EXERCISE DIRECTIONS: Repeat the span of the entries below that starts at the line with "DNLK drill press" and ends at the line with "Voiture de sport", nothing more. Skip the pictures.
*** RECORDS TO PROCESS Section Begins ***
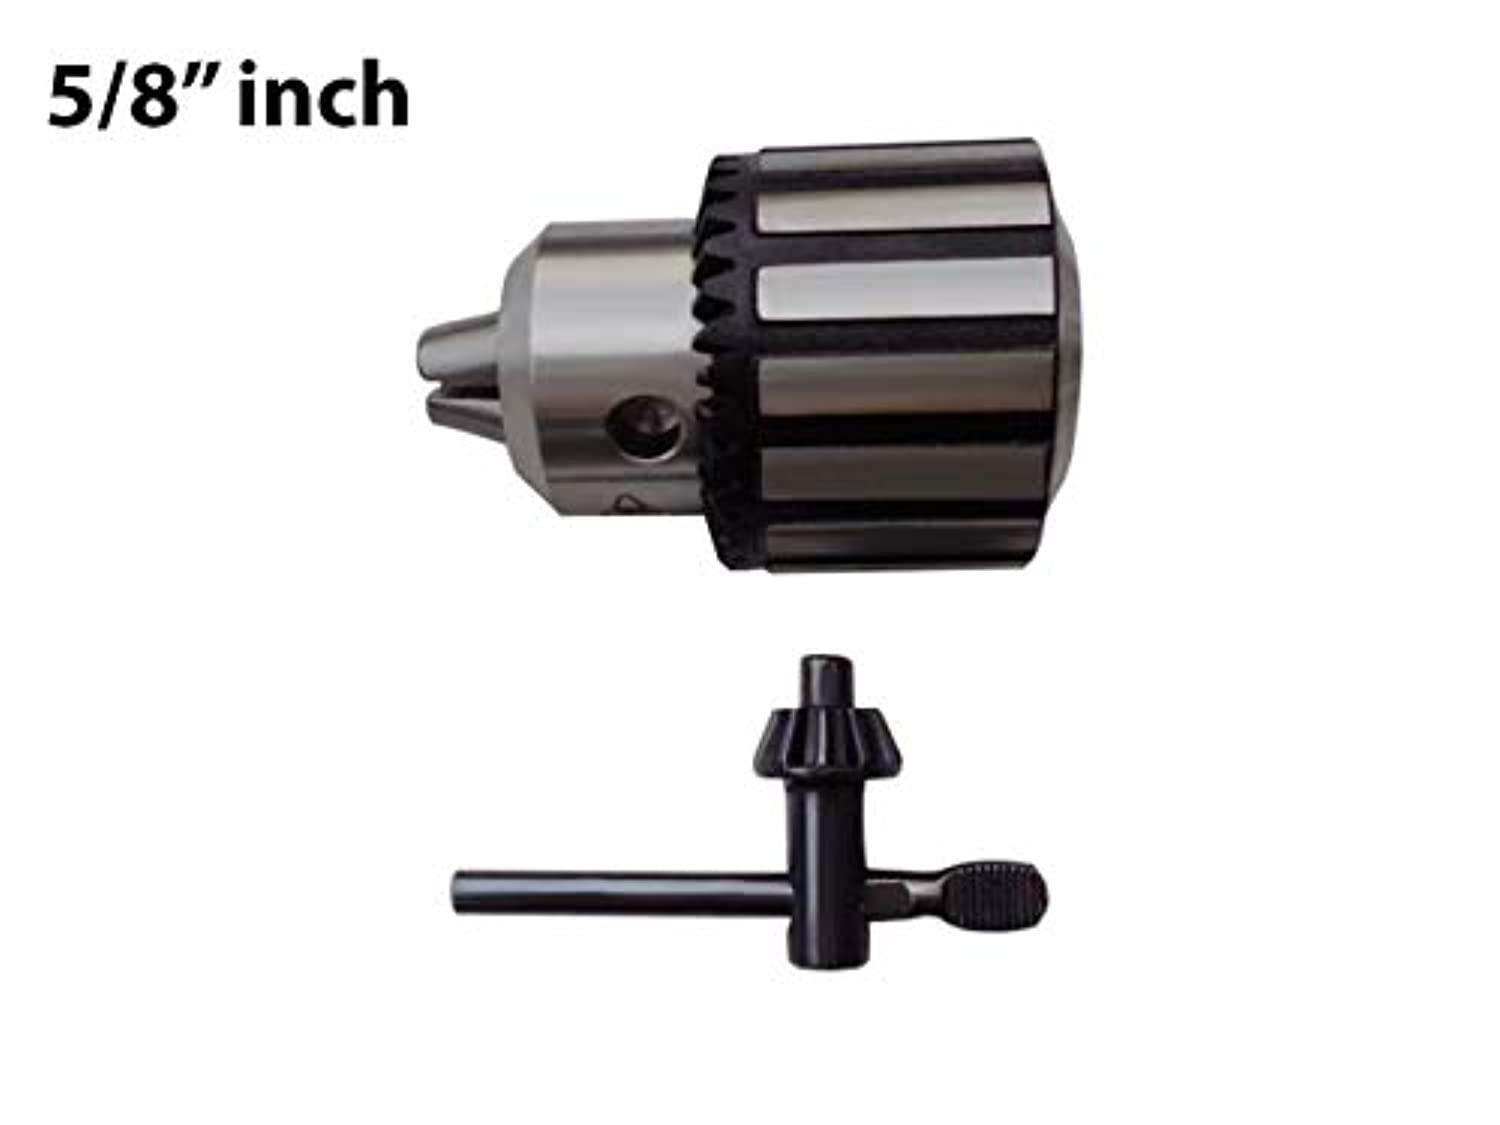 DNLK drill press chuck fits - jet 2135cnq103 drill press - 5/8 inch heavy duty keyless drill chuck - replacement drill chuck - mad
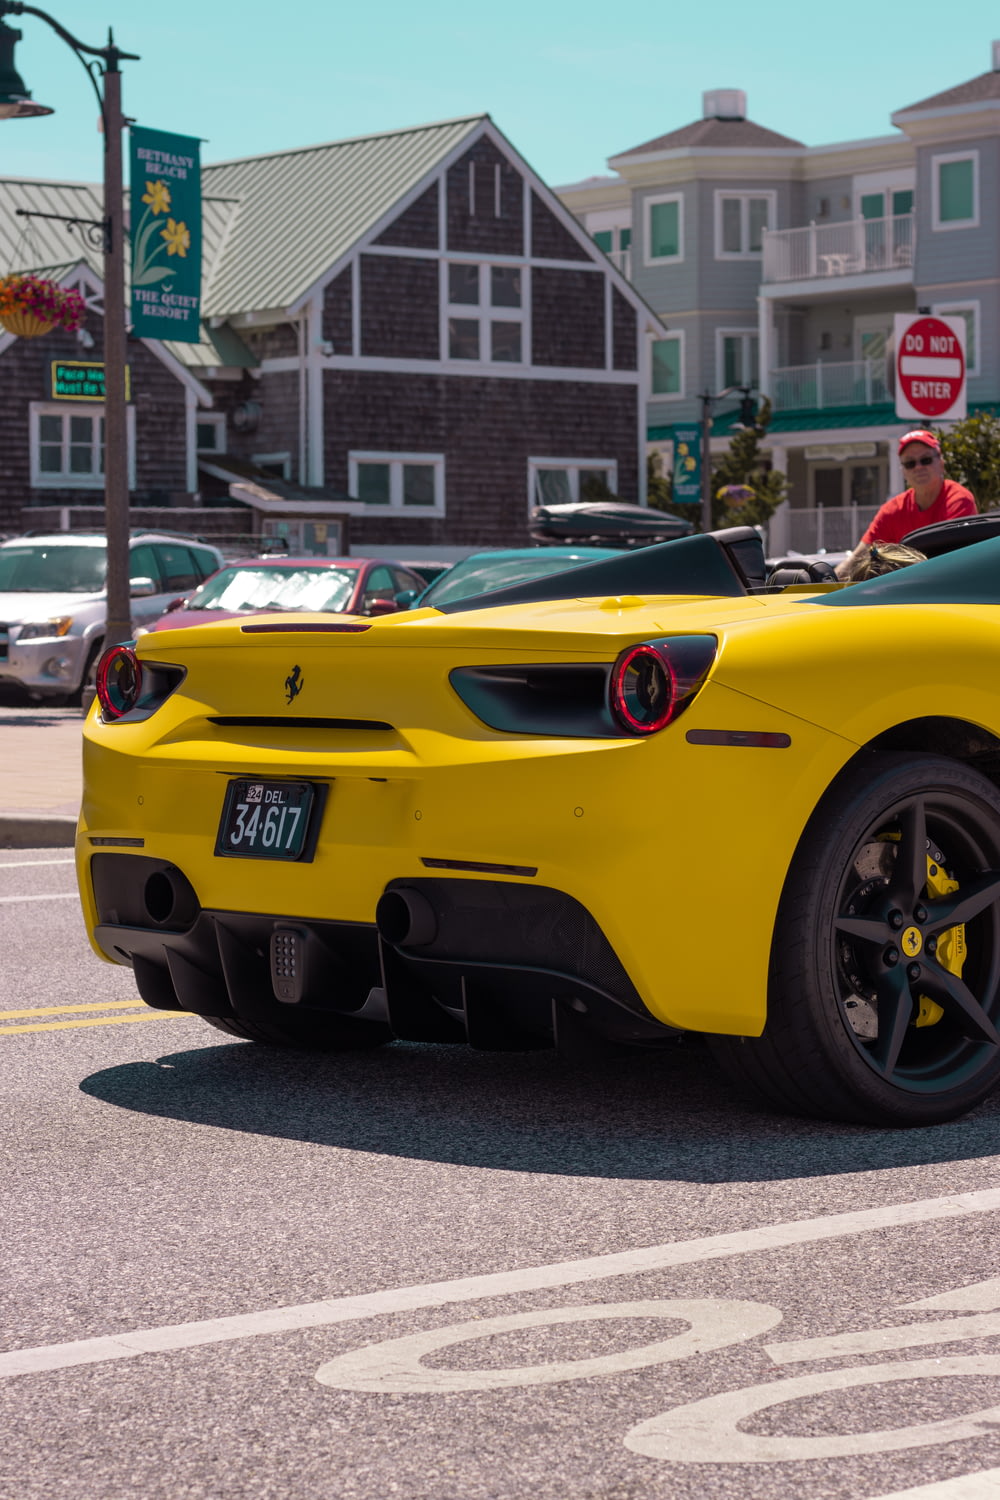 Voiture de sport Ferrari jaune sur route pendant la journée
*** RECORDS TO PROCESS Section Ends ***
*** RECORDS TO PROCESS Section Begins ***
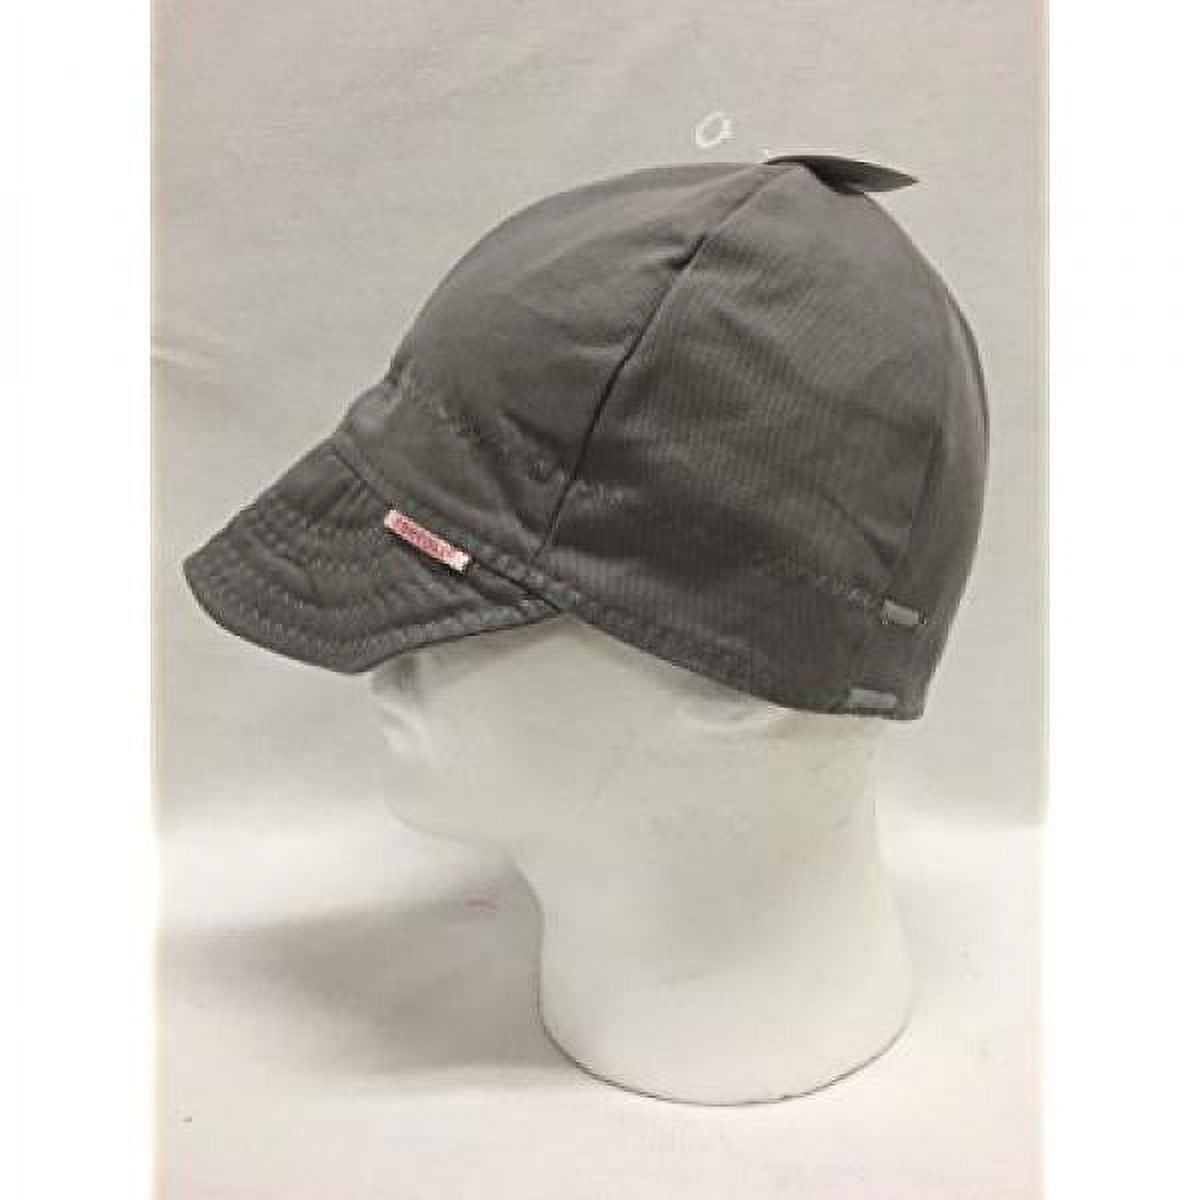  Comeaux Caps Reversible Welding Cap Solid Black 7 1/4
*** RECORDS TO PROCESS Section Ends ***
OUTPUT FOR THIS EXERCISE:
 DNLK drill press chuck fits - jet 2135cnq103 drill press - 5/8 inch heavy duty keyless drill chuck - replacement drill chuck - mad
 Voiture de sport Ferrari jaune sur route pendant la journée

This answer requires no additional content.